= Joseph Kenner =

German artist and politician (1794–1868)

Joseph Kenner (June 24, 1794 – January 20, 1868) was an Austrian public official, artist and district governor of Freistadt and Bad Ischl. He is known for his acquaintance with the composer Franz Schubert.

== Life and work ==
Kenner was born illegitimate in Vienna and raised by his mother (née Harl) in Linz with the musical von Spaun family. He attended the seminary of Kremsmünster Abbey from 1805 to 1811, where he met Franz von Schober and Franz von Schlechta. He then entered the Seminary of Vienna, where he met the composer Franz Schubert, who set several of his poems to music. His close friendship extended to others in Schubert's circle, including the painter Moritz von Schwind, who approved of Kenner's own paintings, including a cycle of martyr illustrations, Der Liedler.

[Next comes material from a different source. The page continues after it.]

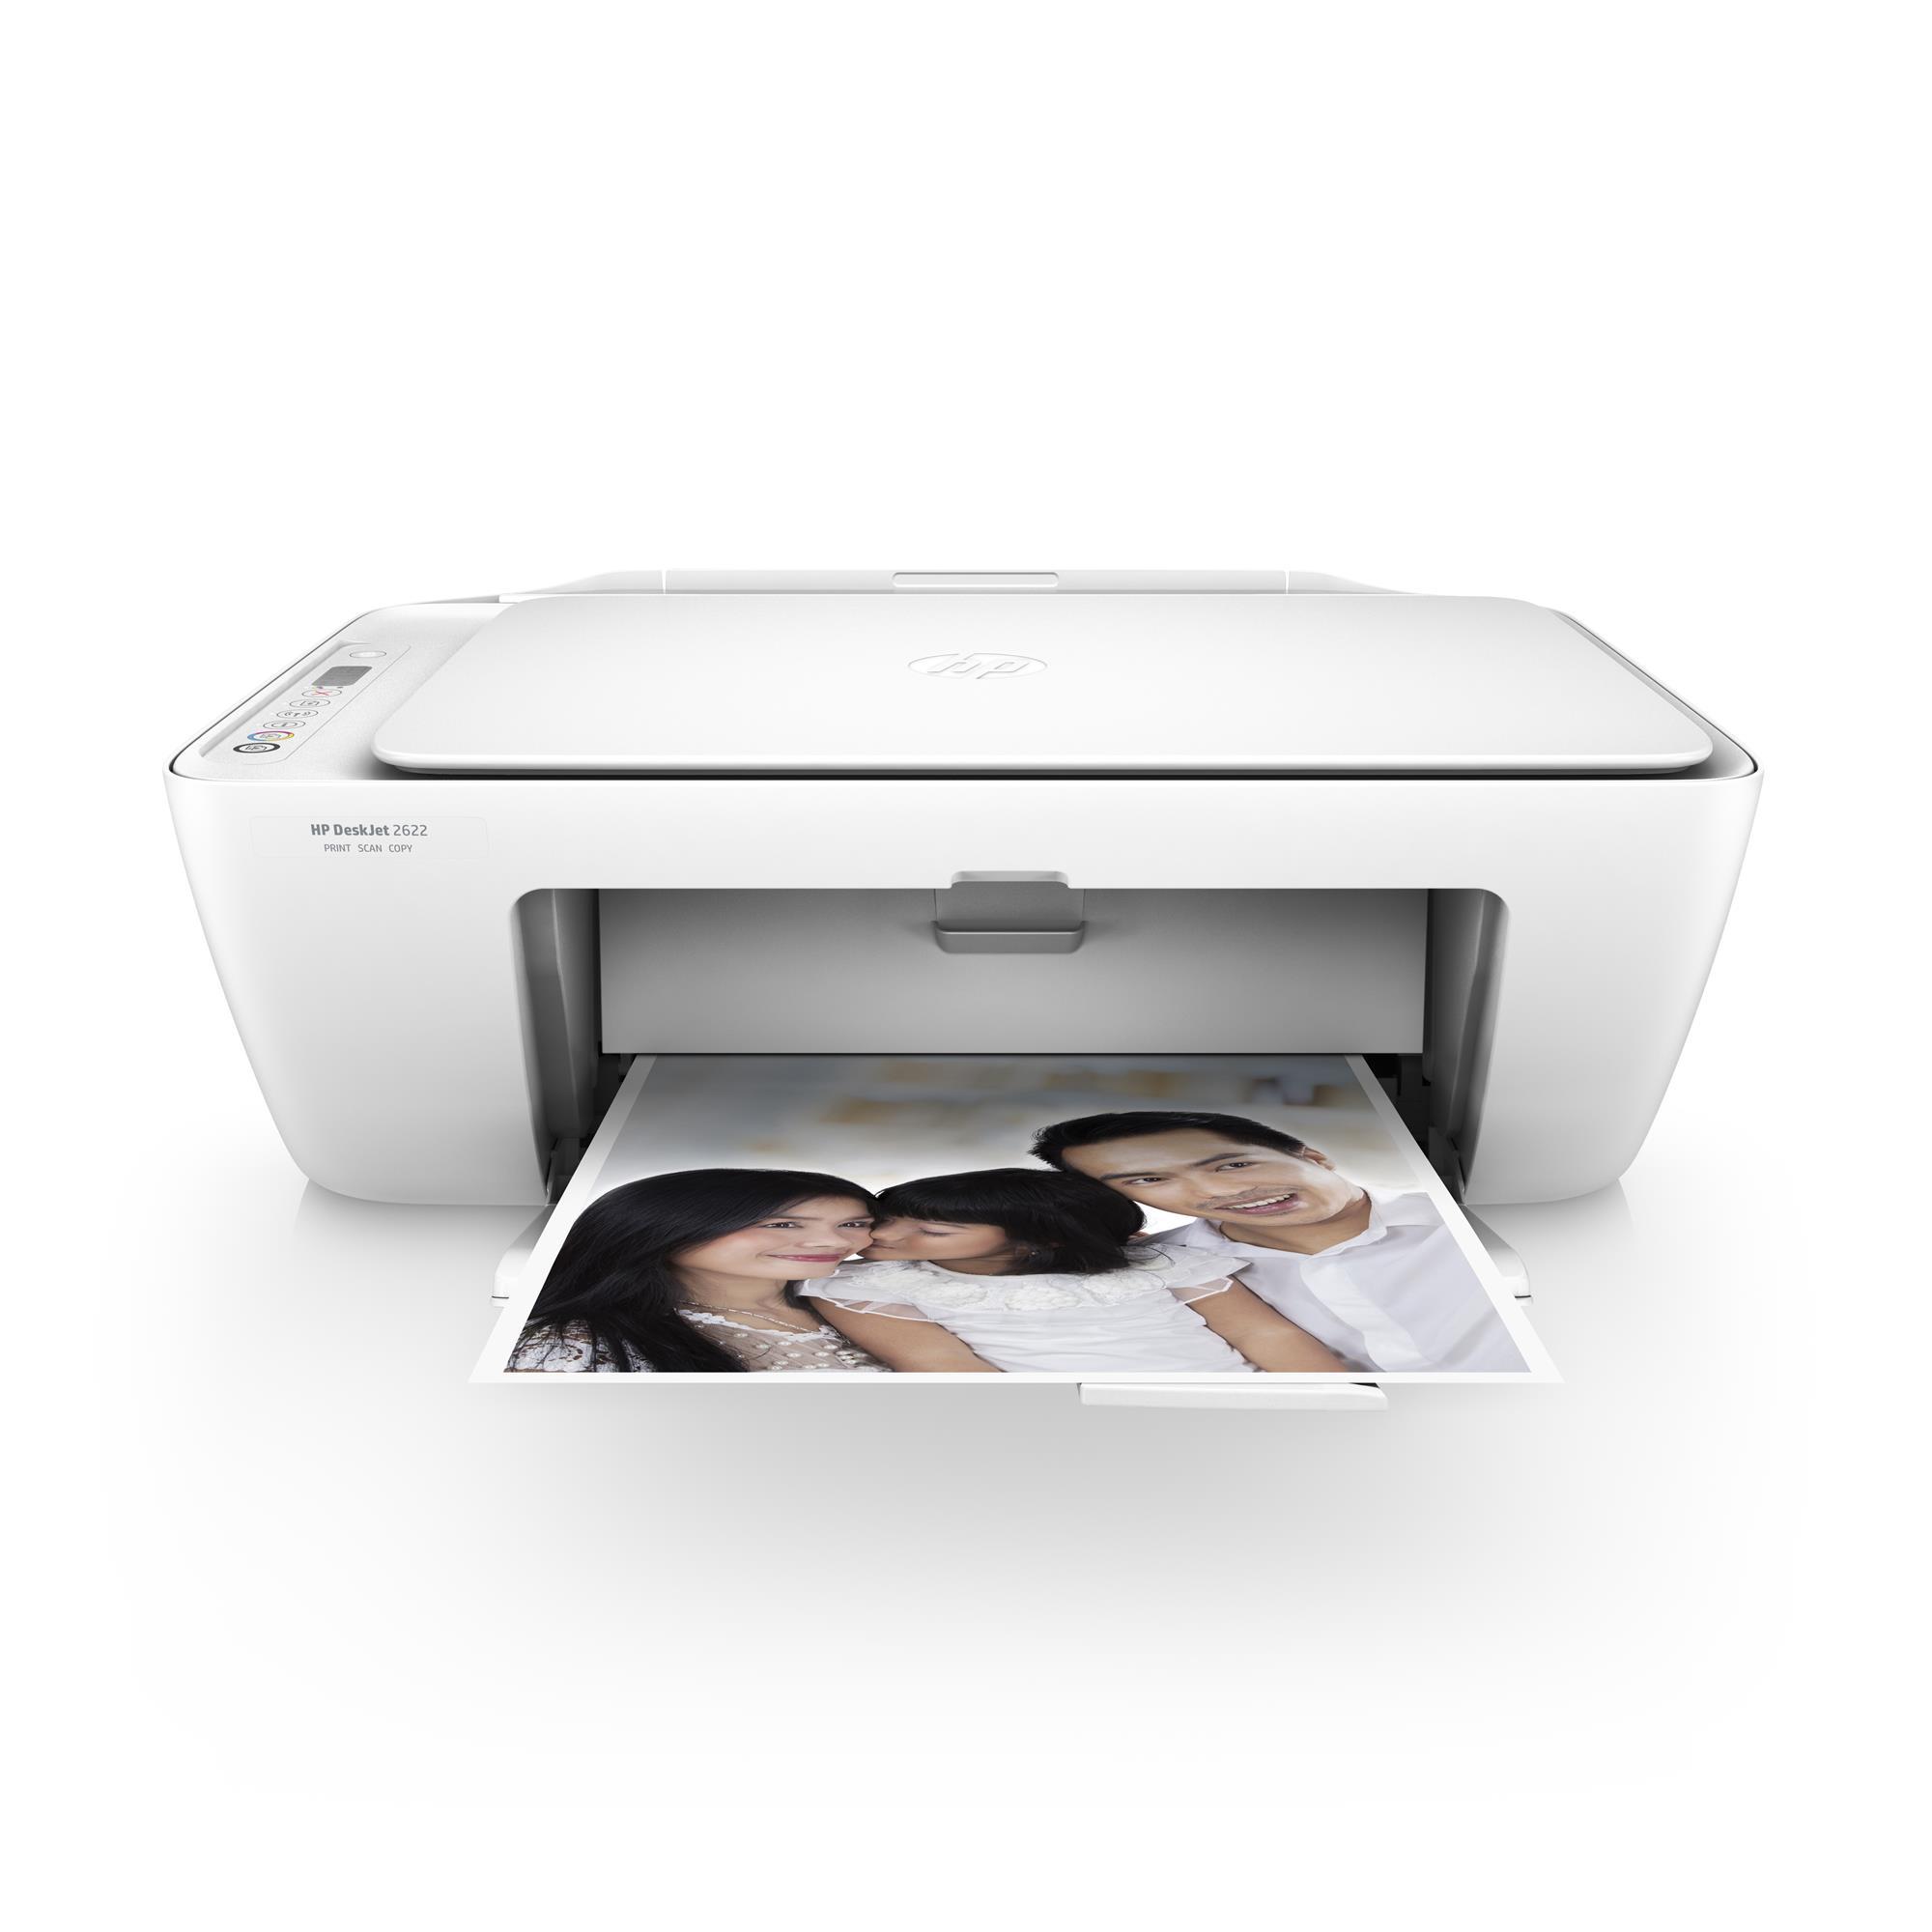 HP 2622 DeskJet All-in-One Original (end 3/23/2019 4:15 PM)

Kenner shared his recollections of Schubert with Schubert's early biographer Ferdinand Luib in 1858. These were cited by Otto Erich Deutsch.

Kenner studied jurisprudence and political science and became an intern of the district and tax office in Linz in 1822 and promoted to magistrate in 1843. He served from 1850 to 1854 as district governor of Freistadt and from 1854 to 1857 of Ischl.

Kenner also collected coins for the Upper Austrian Museum Association (now the Landesmuseum). His sons Anton and Friedrich later found important positions in Austrian intellectual life and in the Austrian Academy of Sciences.